▶ _WORK INSTRUCTION_:
The data that follows is to be copied exactly, with each image removed.

▶ _INFORMATION SHOWN_:
====
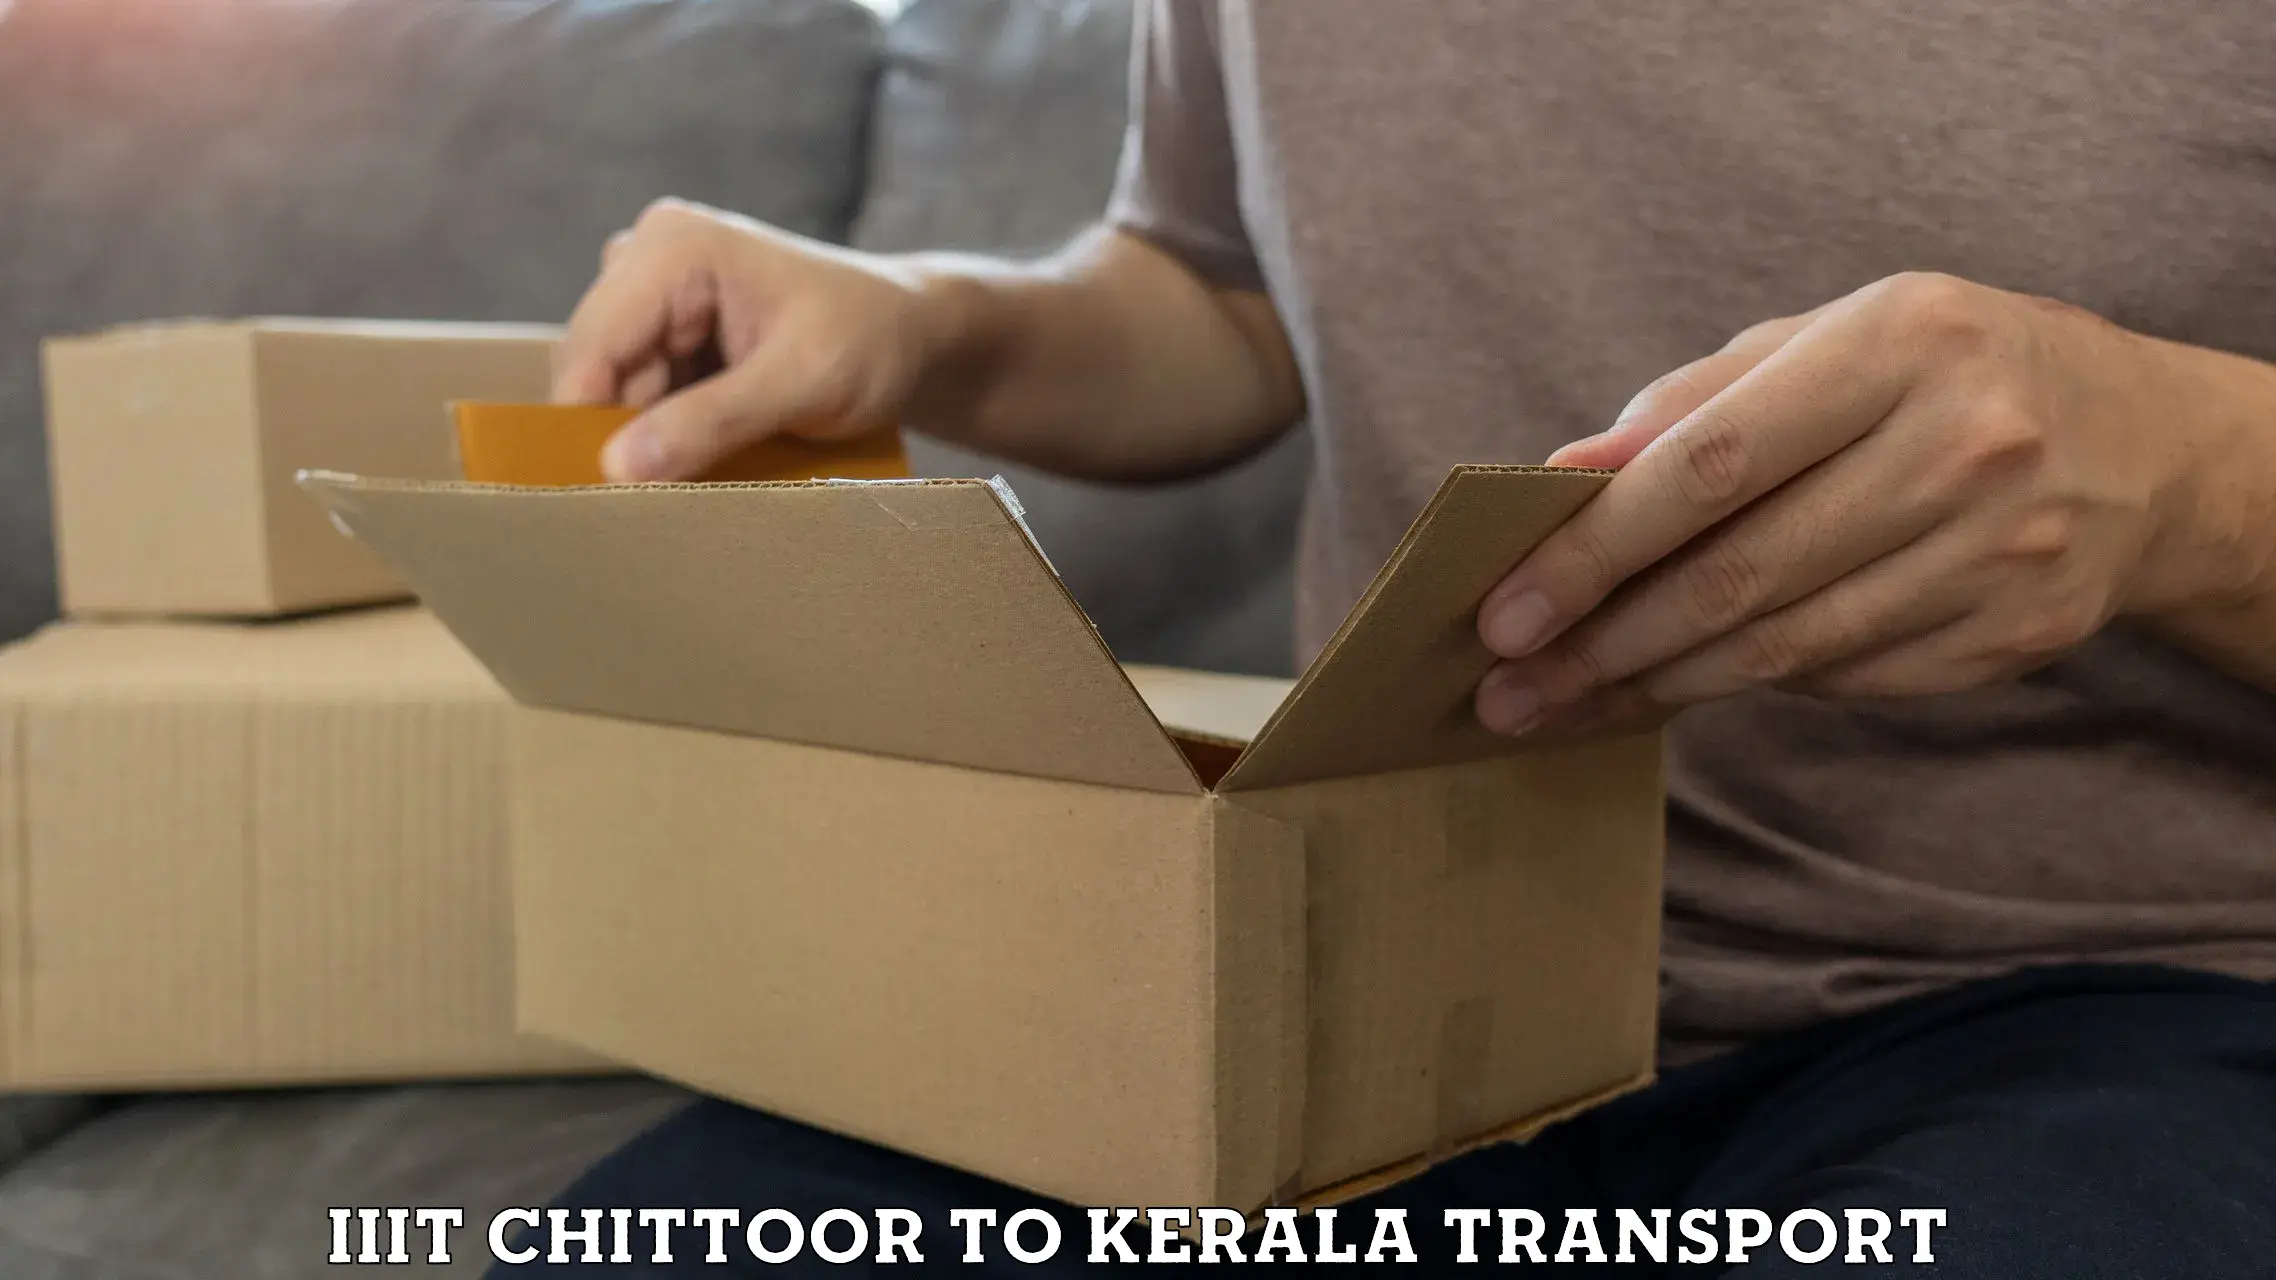 Nearest transport service IIIT Chittoor to Guruvayoor
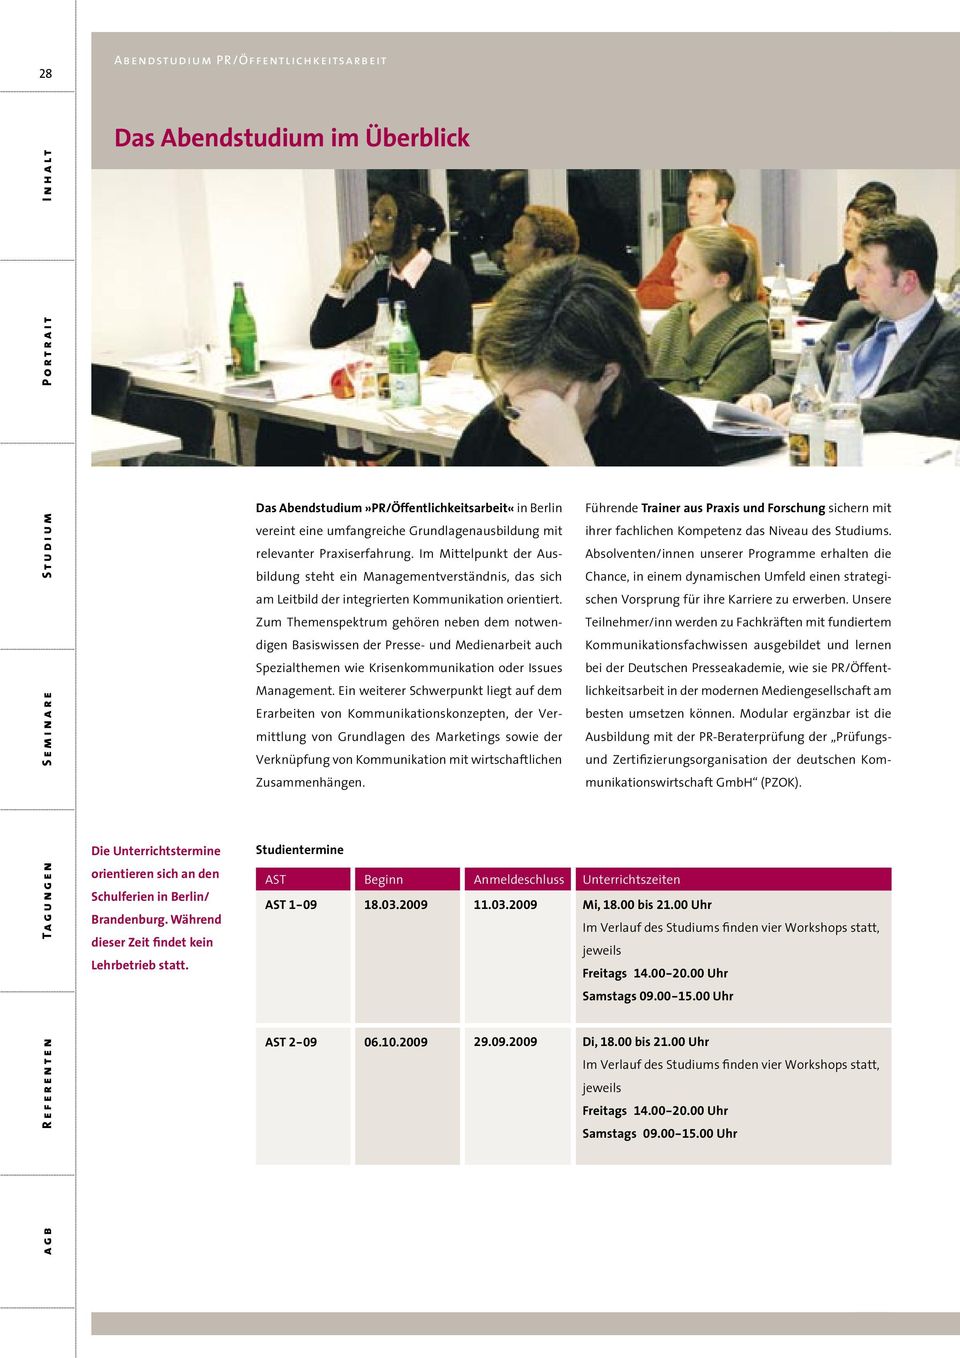 Das Abendstudium»PR/Öffentlichkeitsarbeit«in Berlin vereint eine umfangreiche Grundlagenausbildung mit relevanter Praxiserfahrung.
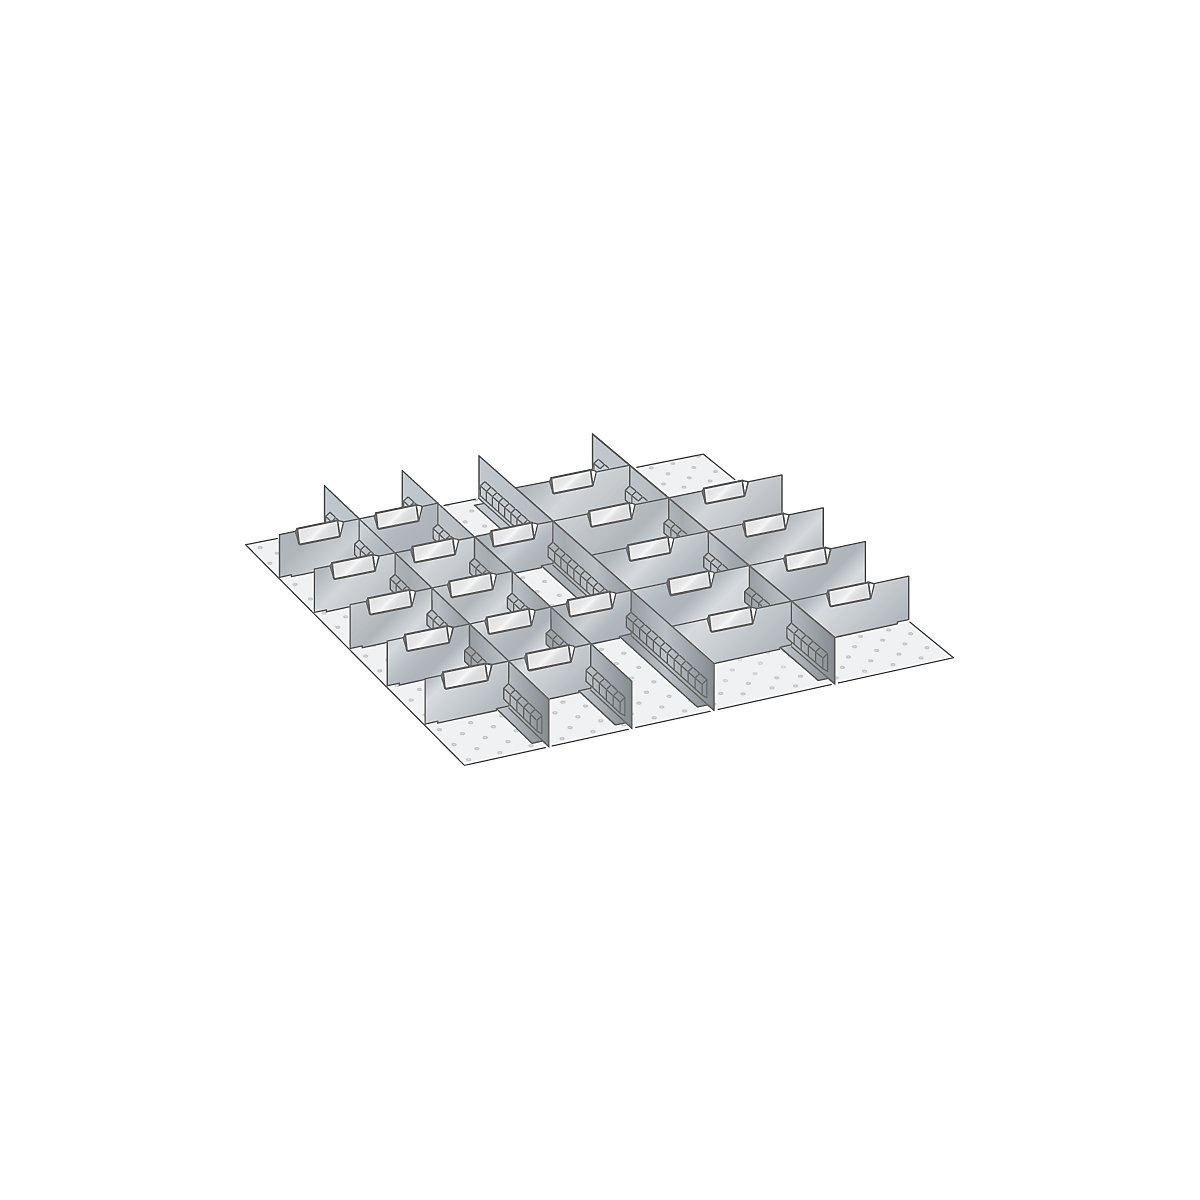 Kit d'éléments de compartimentation pour tiroirs – LISTA
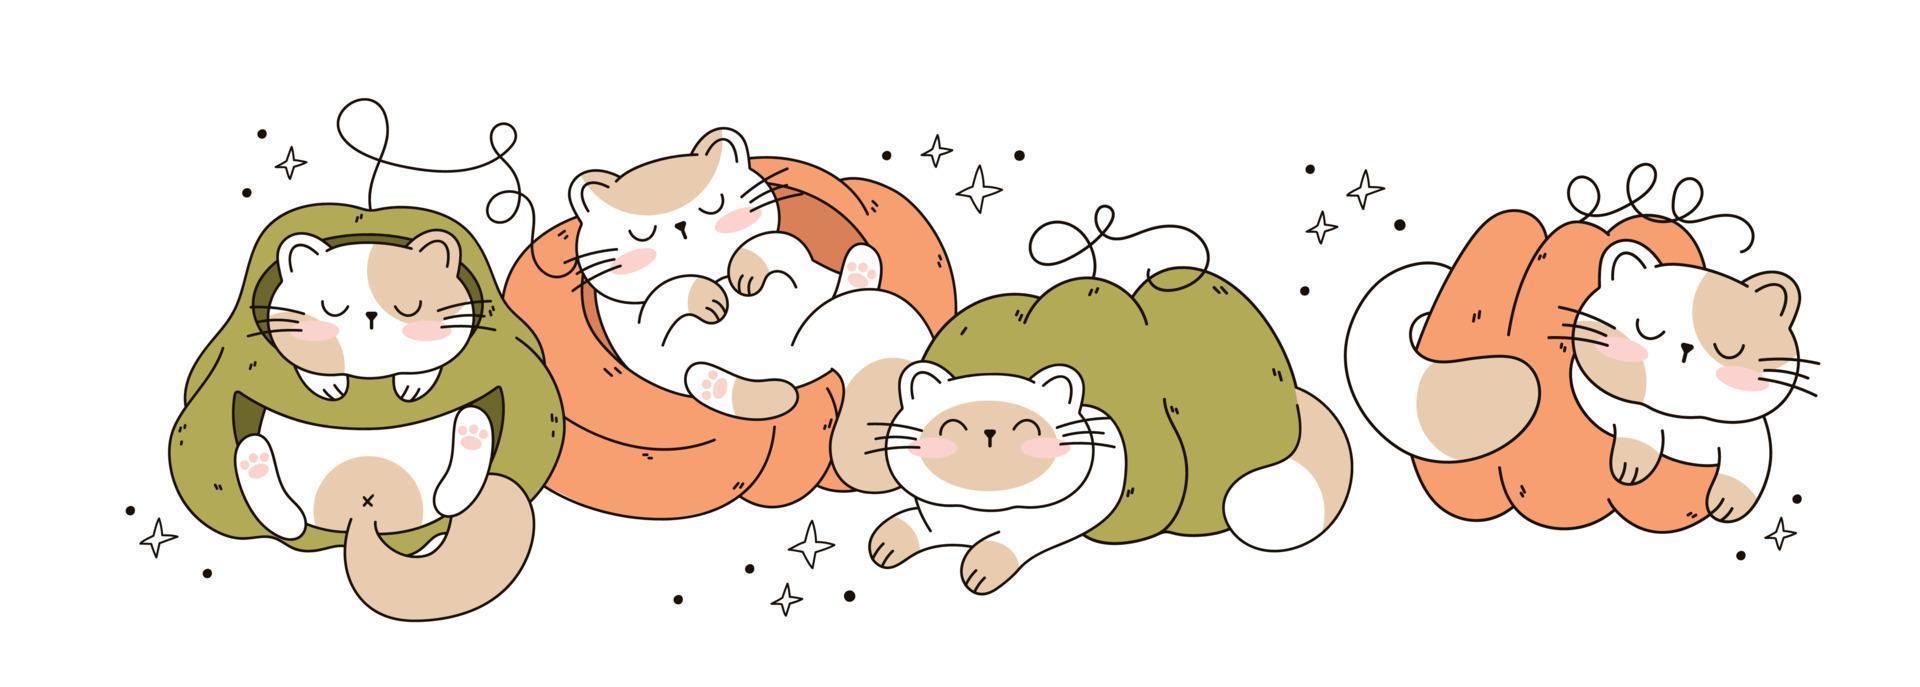 desenhe gatos engraçados dormindo em um gato kawaii de abóboras com abóbora para ação de graças e outono outono ilustração vetorial coleção de personagens de gato. estilo de desenho animado doodle. vetor
====
▶ _SOLUTION FOR THIS TASK_:
 Nearest transport service IIIT Chittoor to Guruvayoor
 Das Abendstudium»PR/Öffentlichkeitsarbeit«in Berlin vereint eine umfangreiche Grundlagenausbildung mit relevanter Praxiserfahrung.
 Kit d'éléments de compartimentation pour tiroirs – LISTA
 desenhe gatos engraçados dormindo em um gato kawaii de abóboras com abóbora para ação de graças e outono outono ilustração vetorial coleção de personagens de gato. estilo de desenho animado doodle. vetor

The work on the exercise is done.